В ответ на его грубый вопрос она улыбнулась, слегка опустила ресницы, словно шторы над заманчивой лавкой, и снова принялась говорить бесконечно, рассудительно, надувая губы. Ганс стал защищаться от нее тоже словами, набором случайных, нерешительных фраз. Зная, что женщина не поймет, он говорил, что приходило в голову, и легонько, ритмично постукивал для убедительности карандашом по столу. Он не думал ни о смысле, ни о грамматике, потому что ощутил мягкую теплоту этого бедра и осознал, что тоже не отстранился. Поднял взгляд и увидел в лице женщины веселое торжество. Откашлялся. Она положила ему на стол потускневшие фотографии.
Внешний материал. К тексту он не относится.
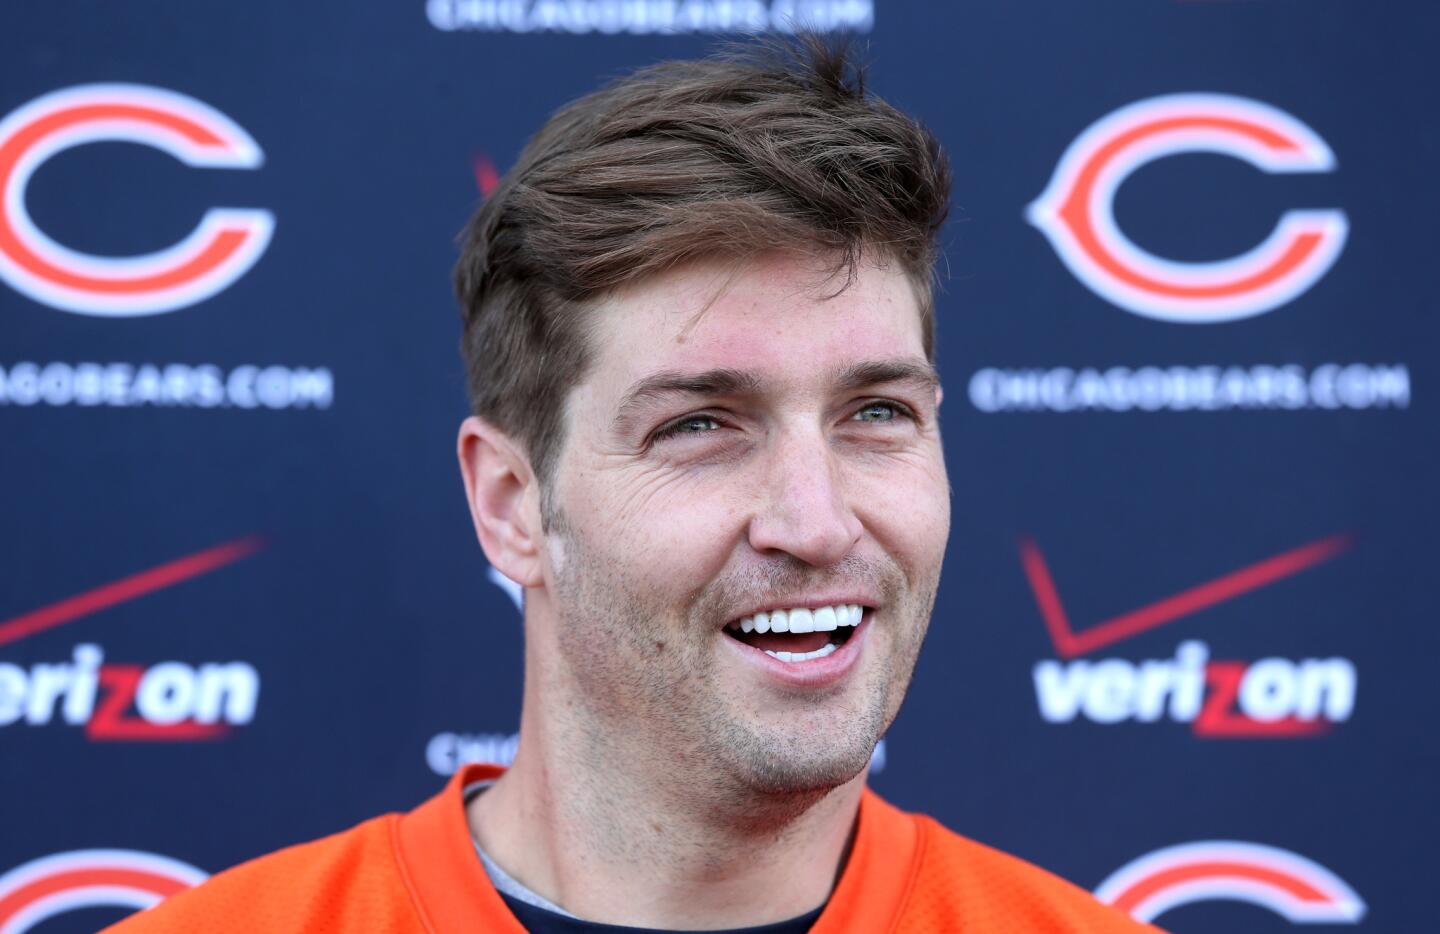 Jay Cutler has a laugh while speaking to the media following minicamp.

Красивый мужчина с безжалостными глазами преступника, словно бы снявшийся для документа. Она, сидящая, прикрывая рукой глаза от солнца и скрестив лодыжки, на качелях, из черт лица видны только губы с просунутым между ними кончиком языка и идущая от их уголка косая морщинка. Она в полосатом купальном костюме с пуританской юбочкой, но мокром и непристойно облегающем тело, внизу в лучах предвечернего солнца видны морские суда, отбрасывающие длинные тени. Она с тем мужчиной, оба в купальных костюмах, его костюм с вырезами на боках по моде тридцатых годов оттопыривается в паху. С какой целью она показывает эти фотографии? Хочет похвастаться, что знавала лучшие времена?
Женщина снова взяла бланк и жестом показала, будто пишет. Ганс сказал ей, что никакие бланки нельзя заполнять без предварительного заявления о приеме, и должен пройти определенный период на проверку - он сам толком не понимал, что говорит и зачем, пытался выиграть время, выиграть невесть что. Бедро, прижавшееся к его руке, пульсировало, то самое бедро, что и на фотографии, бедро, которое, придя в движение, затрясется по-африкански. Она взяла фотографии и приложила их к бланку. А это что еще? Просит о какой-то уступке от имени кого-то другого?